16 и 17 сентября войска армии продолжали наступление и уничтожали отдельные очаги сопротивления окруженных частей противника. 17 сентября 97-я стрелковая дивизия вышла северо-западнее Духовщины, механизированная группа перерезала большак Духовщина — Демидов, куда продвинулись и части 134-й стрелковой дивизии. Противник вынужден был перебросить сюда значительную часть своих сил с других участков, что создало благоприятные условия для наступательных действий наших 5-го гвардейского и 83-го стрелковых корпусов. Гвардейцы вышли на рубеж реки Березы в полукилометре восточнее Духовщины, а части 83-го корпуса перерезали шоссе Духовщина — Ярцево.
В этой обстановке, чтобы окончательно сломить упорство фашистов, нужен был еще один удар по их духовщинскому кольцевому оборонительному рубежу.
Еще затемно утром 18 сентября я выехал в 91-ю гвардейскую дивизию, наступавшую на направлении главного удара.
Запомнился эпизод на переправе через реку Царевич. Начальник пункта регулирования движения на переправе коммунист лейтенант Мамонов выглядел предельно усталым, был перепачкан в глине. Но за неприглядным внешним видом угадывался опытный и весьма расторопный офицер с решительным характером. В частности, он доложил, что вынужден был задержать легковую машину офицера управления артиллерии армии, несмотря на неприятные последствия, которыми угрожал лейтенанту этот начальник.
— Могла бы из-за недисциплинированности одного человека образоваться большая пробка, — как бы оправдывался лейтенант.
Заглянул я в палатку начальника переправы. Находившийся там солдат сказал, что еще ночью принес лейтенанту ужин, но тот до сего времени не притронулся к пище, пропуская мимо ушей все напоминания.

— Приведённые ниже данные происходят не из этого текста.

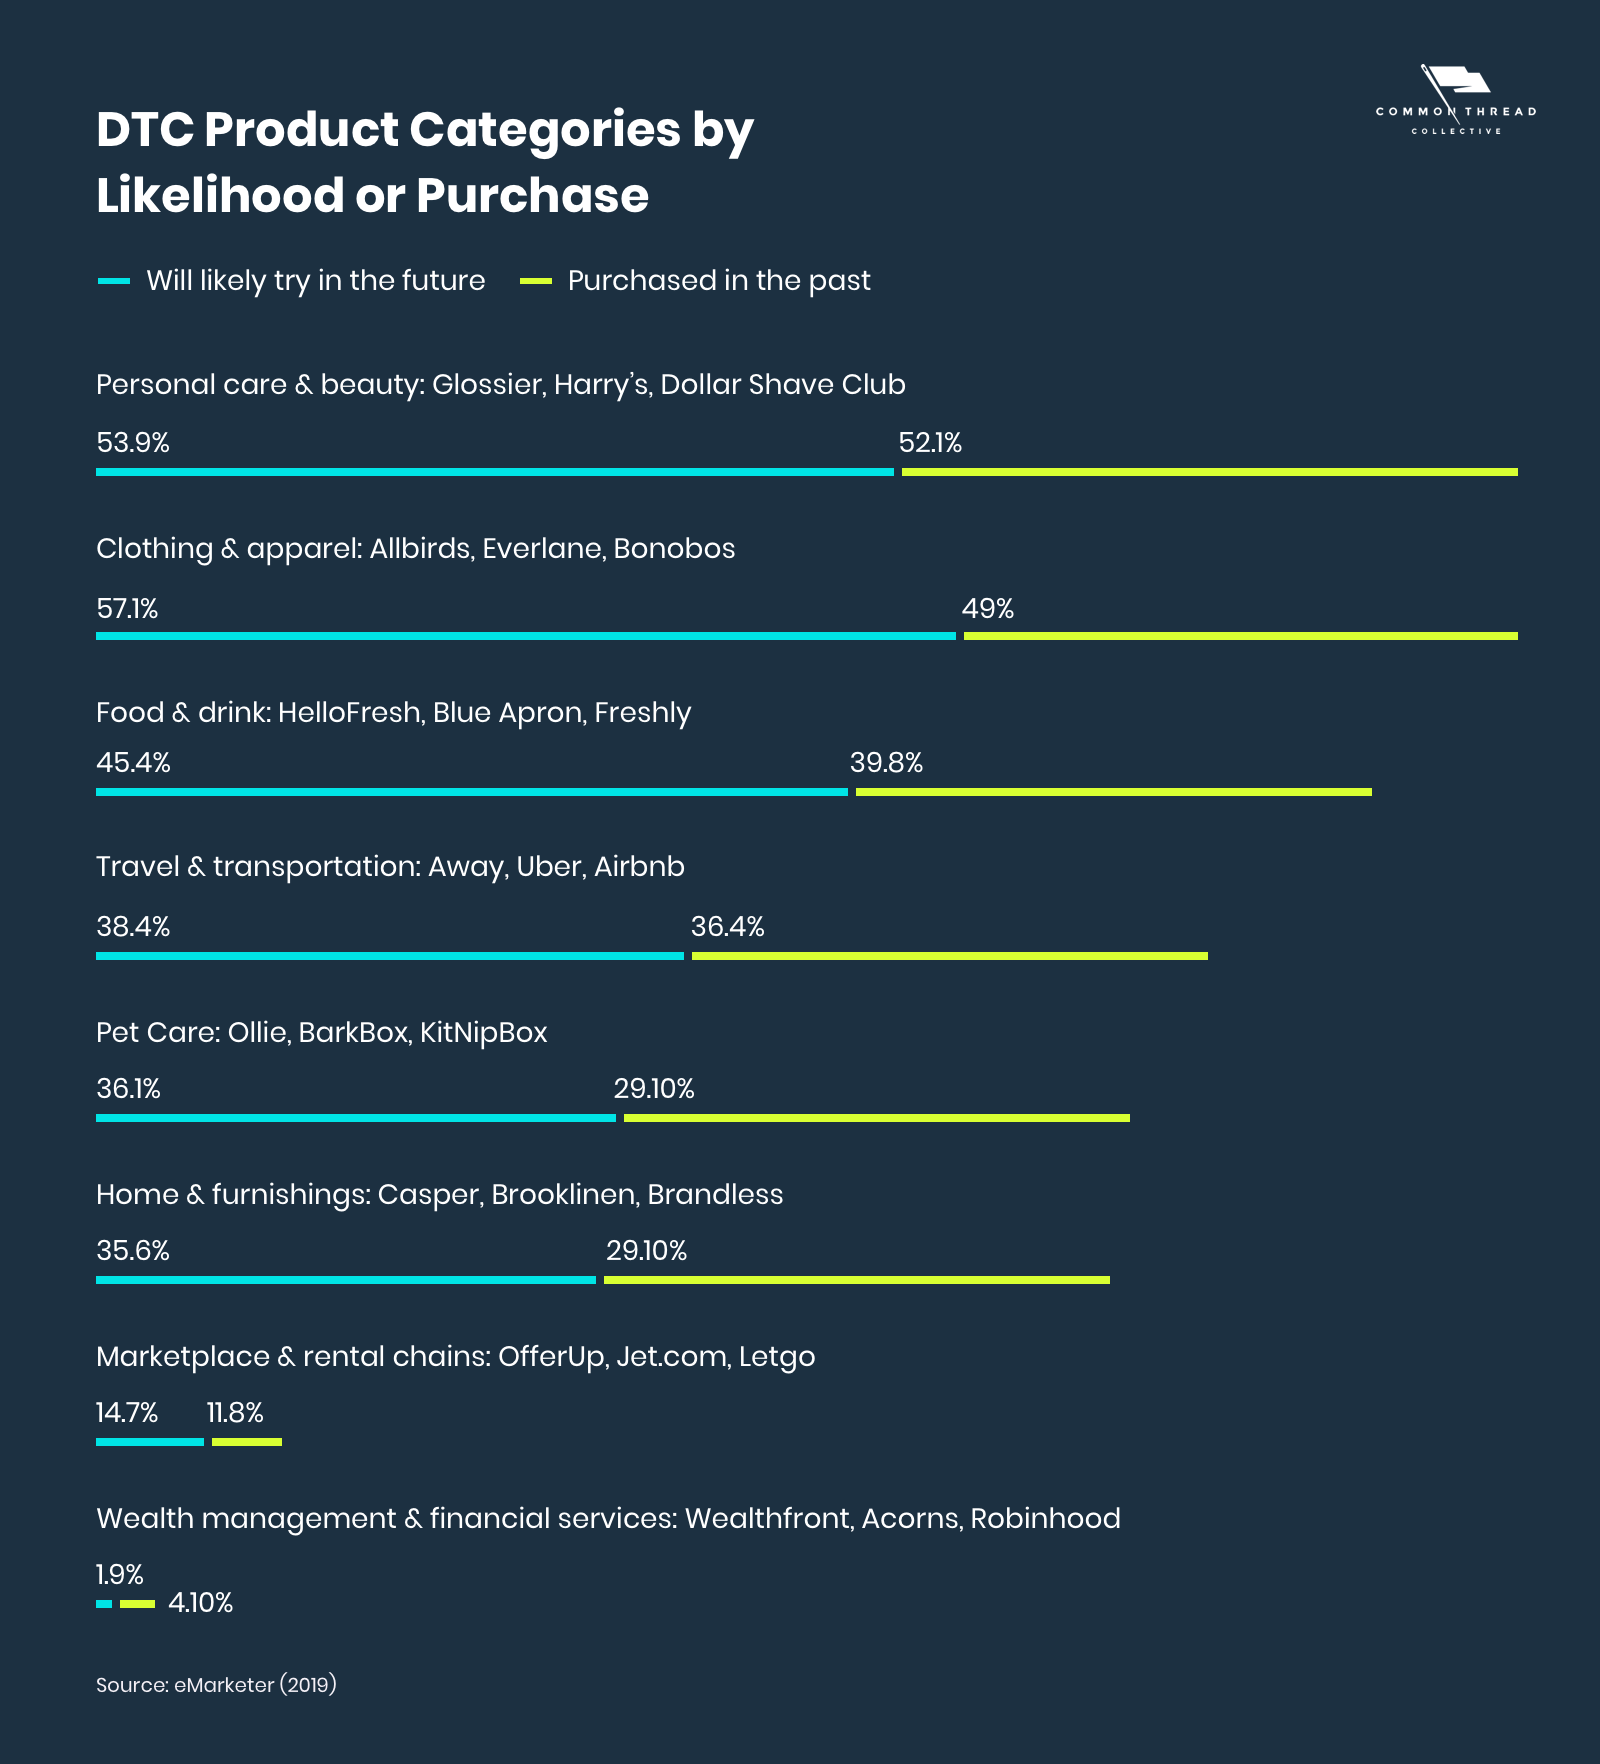 DTC Product Categories by Likelihood or Purchase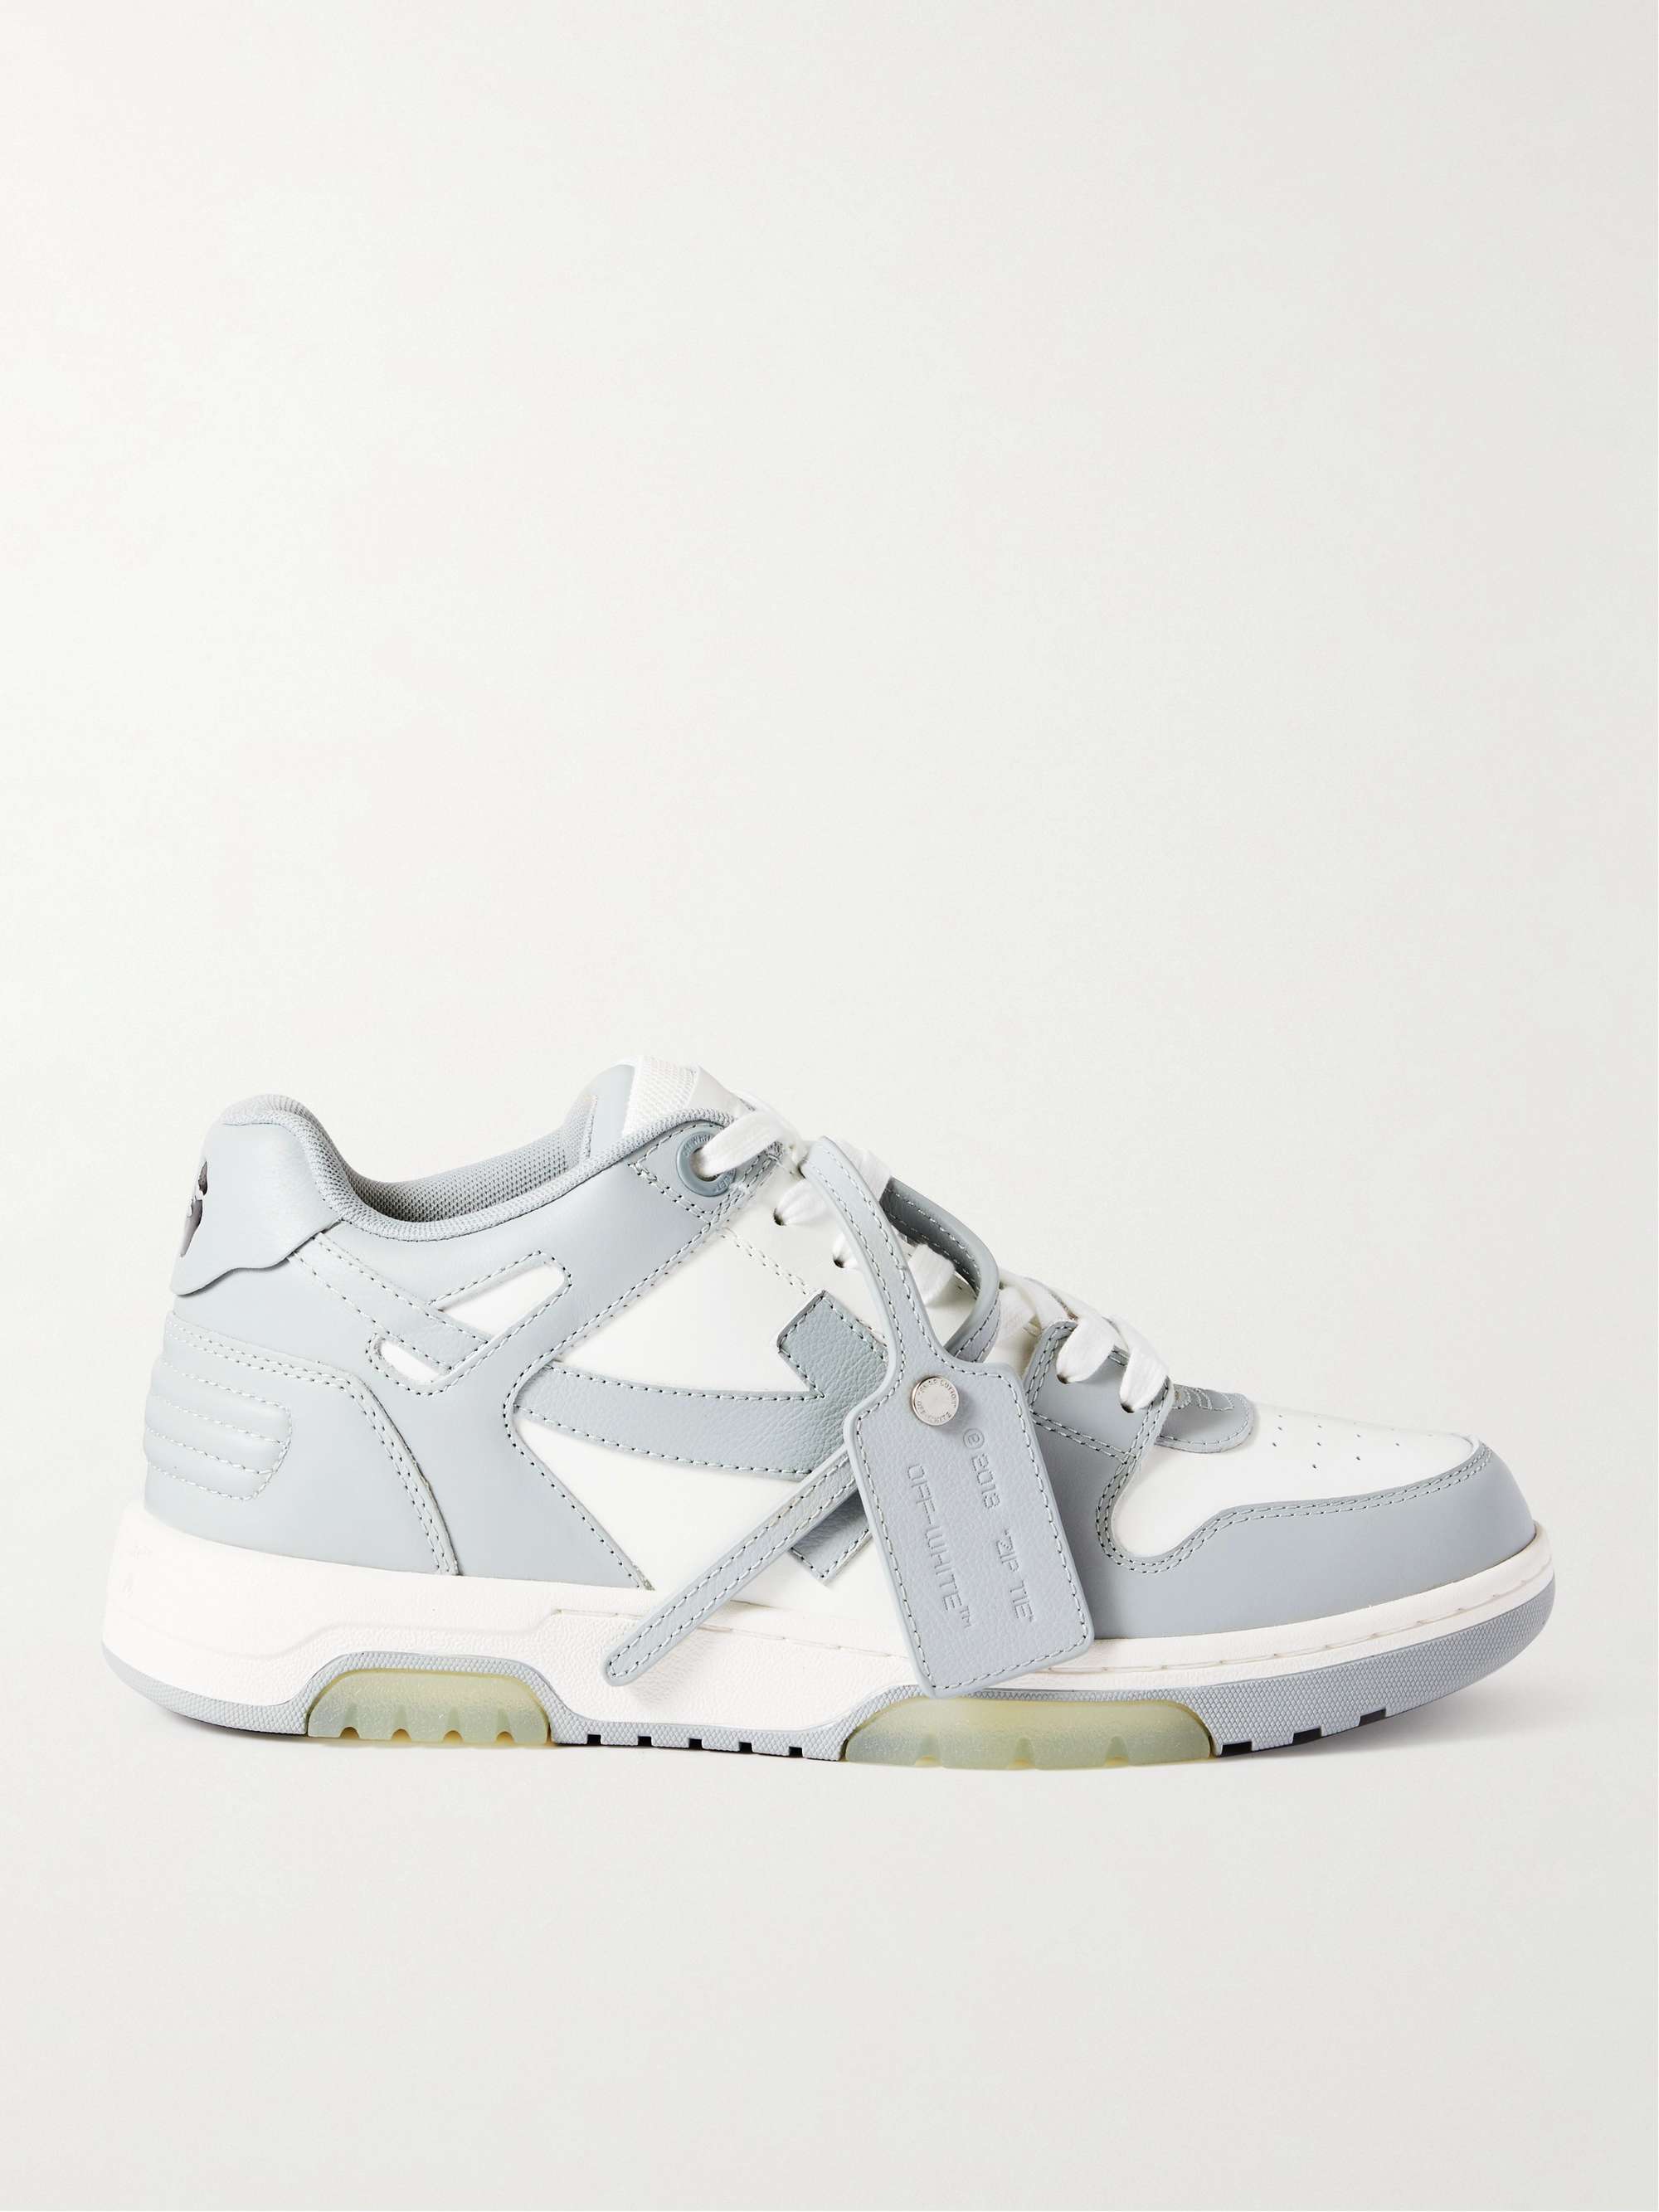 Off-White Men's Out Of Office Leather Mid-Top Sneakers

На переправе был порядок, и ясно, что он обеспечивался напряжением всех сил этого рядового коммуниста (по возвращении на КП армии я рассказал о Мамонове Николаю Эрастовичу. В тот же вечер мы подписали приказ о награждении лейтенанта орденом Отечественной войны I степени).
На правом берегу реки я встретился с генерал-майором Белобородовым, находившимся на своем КП. Он знал, что я направляюсь в 91-ю дивизию, и уже в начале нашего разговора хорошо отозвался о начальнике политотдела дивизии А. С. Лыскине, недавно назначенном на должность.
— Боевой, энергичный политработник, — заключил комкор свою характеристику. — Сейчас, когда занемог командир дивизии, это вдвойне ценно.
Было приятно услышать такую оценку деятельности начальника политоргана. С удовольствием я обратил внимание и на то, что командир корпуса за короткое время обстоятельно познакомился с молодым политработником, узнал его качества.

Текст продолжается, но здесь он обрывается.